Well it was great of you to bring him inside then. Will the rehabber be releasing him eventually or keeping him?


----------



## dodo1 (Feb 24, 2018)

Jay3 said:


> Well it was great of you to bring him inside then. Will the rehabber be releasing him eventually or keeping him?


I think she's going to keep him with her flock, she said she'll see how it goes, she said it wouldn't be a good idea to release any time soon due to the unusual cold and stormy weather we've been having.


----------



## dodo1 (Feb 24, 2018)

Just as a final update, the pigeon was picked up this morning by a local rescuer, she checked him over and said he is much younger than the photo suggested. About 20 days because of him having a lack of feathers underneath the wings (think I'm describing that right). 

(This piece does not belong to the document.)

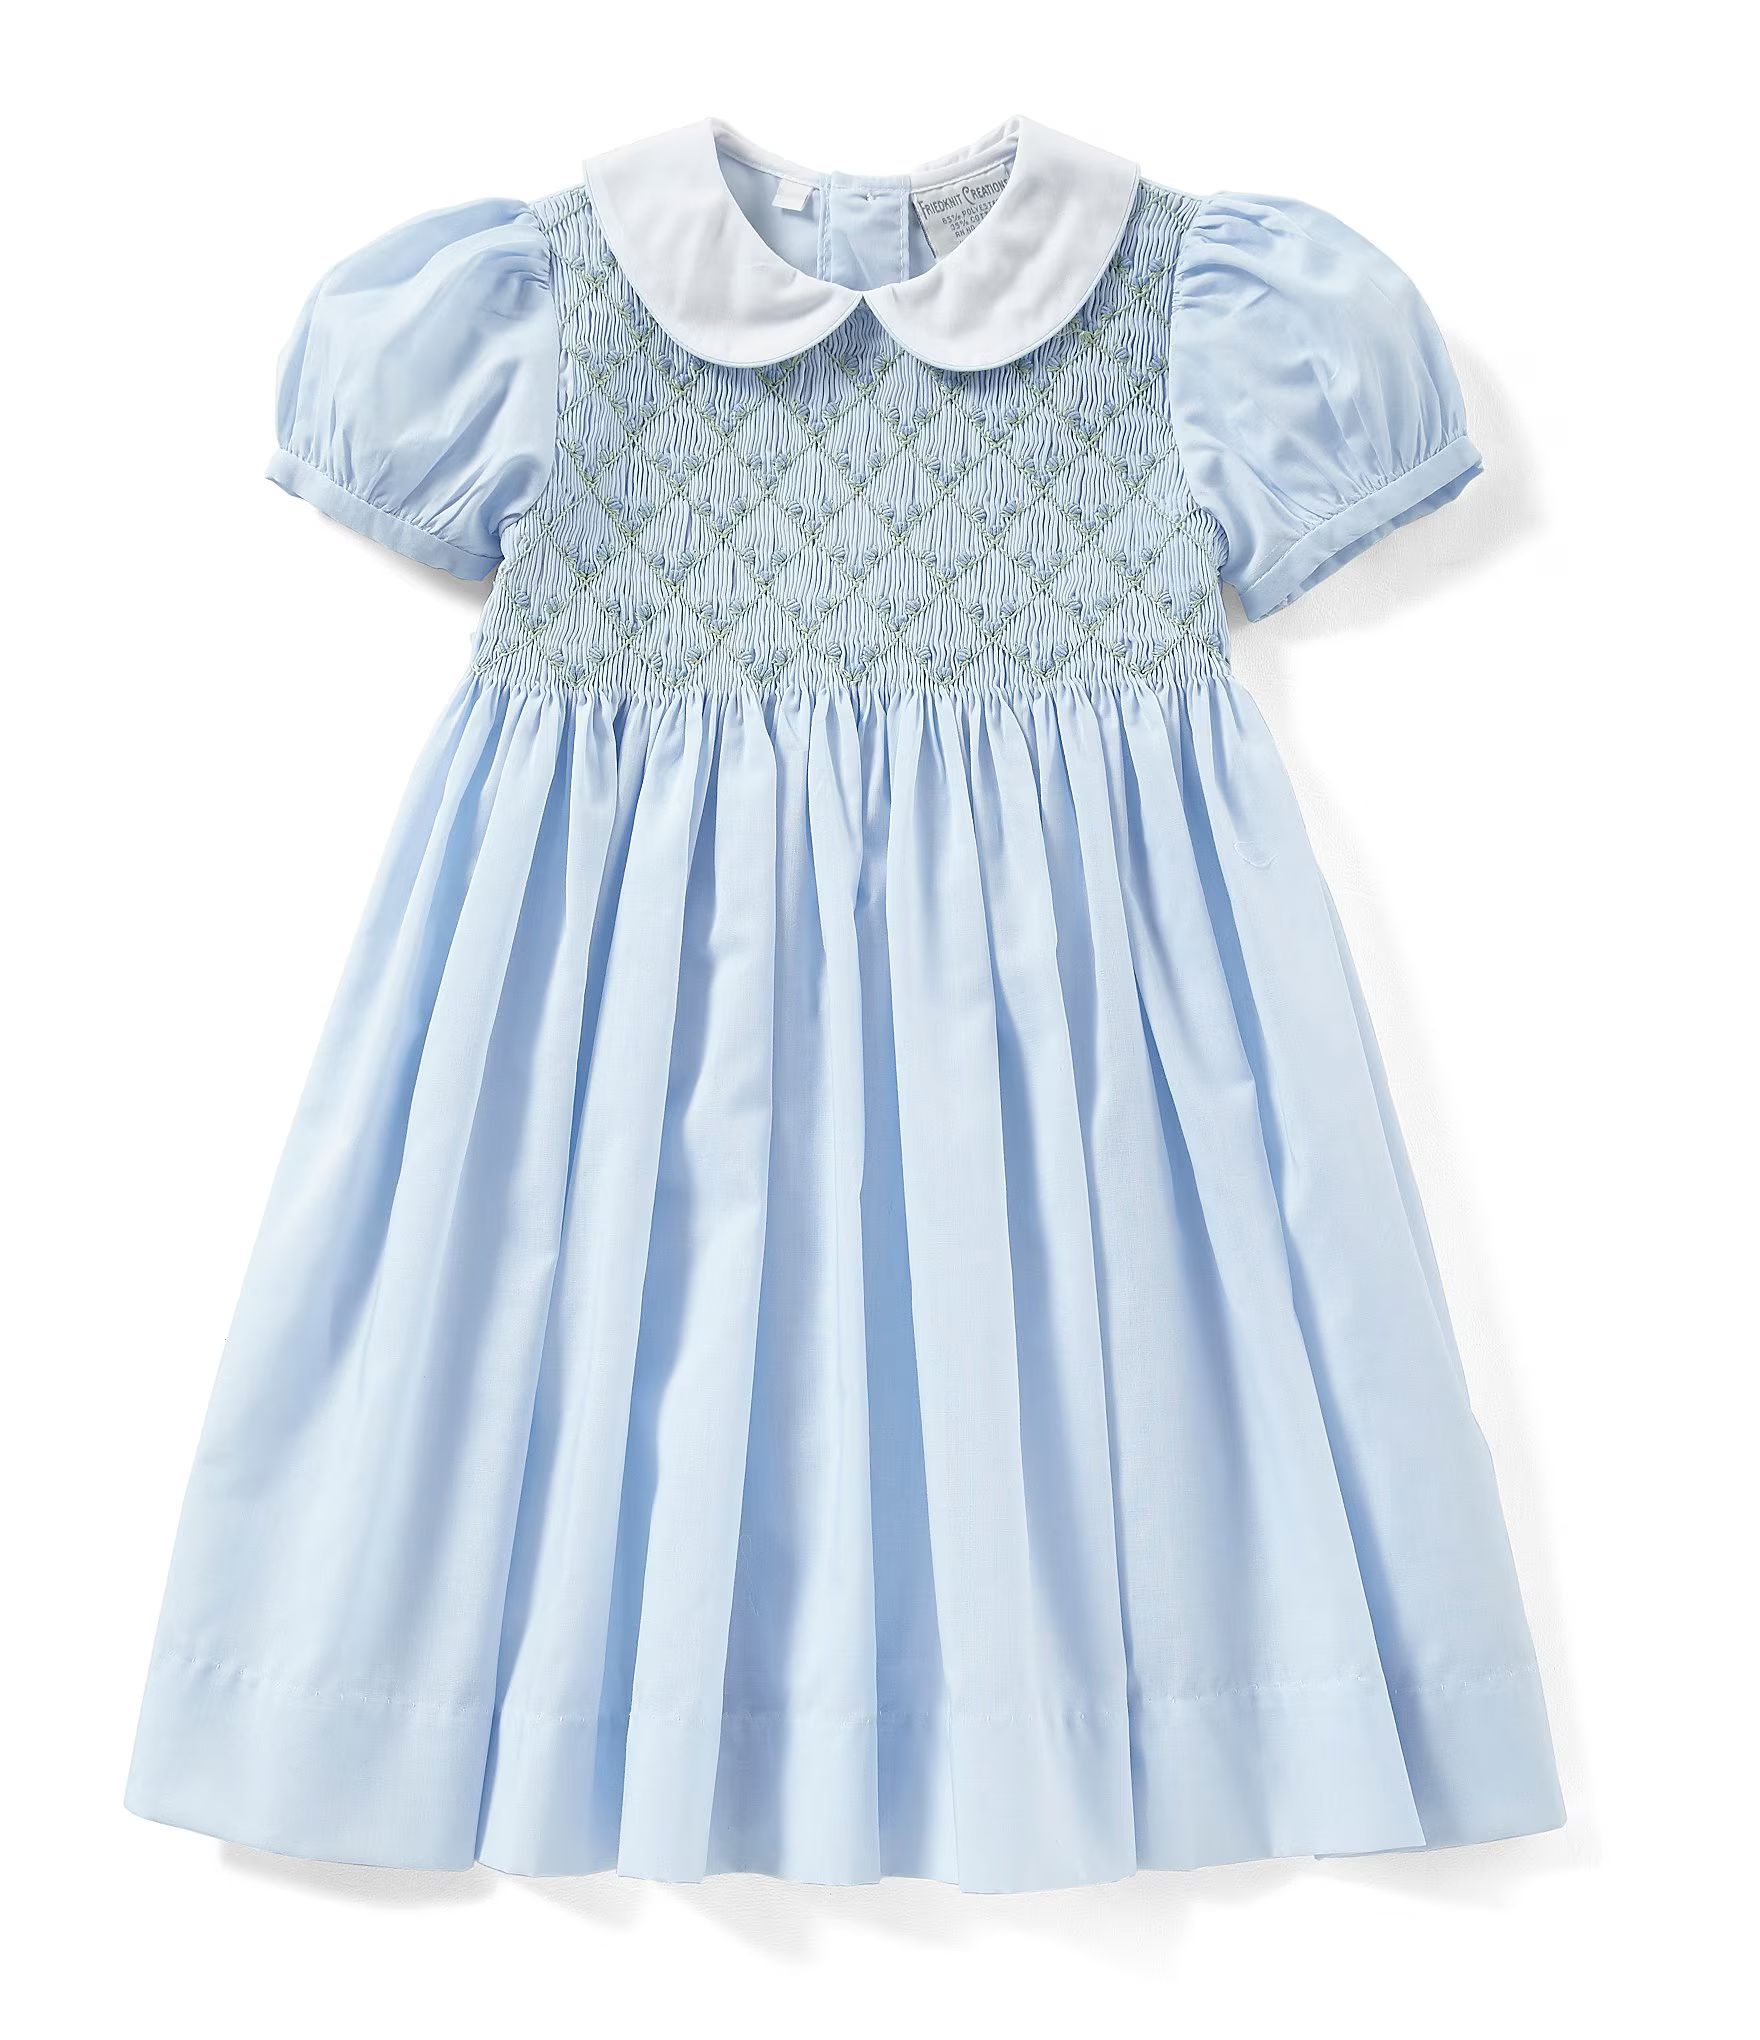 Baby Girls 12-24 Months Floral Printed Smocked Dress | Dillards

She said he looked healthy and no obvious injuries, thankfully. 

She says he wouldn't have been able to fly back up and probably fell out. It's a busy town centre so I'm glad we saw him, I know it's ideal to be with their family but I hope he can have a nice life with her other rescues. We are only in a flat with no garden and away a lot so couldn't offer enough. He was absolutely gorgeous and I hope he does well, she said she'll keep us updated.

Just wanted to let you all know what happened.

Thanks.


----------



## Marina B (May 5, 2011)

That's great news! Thanks for the update. I'm sure he will be fine, they really adapt very well. Thanks for saving him.


----------



## cwebster (Dec 11, 2010)

Yes, thank you for the great update! Hope the beautiful little guy does well. Thank you for helping him!


----------



## Jay3 (May 4, 2008)

Thanks for the update. You did good!


----------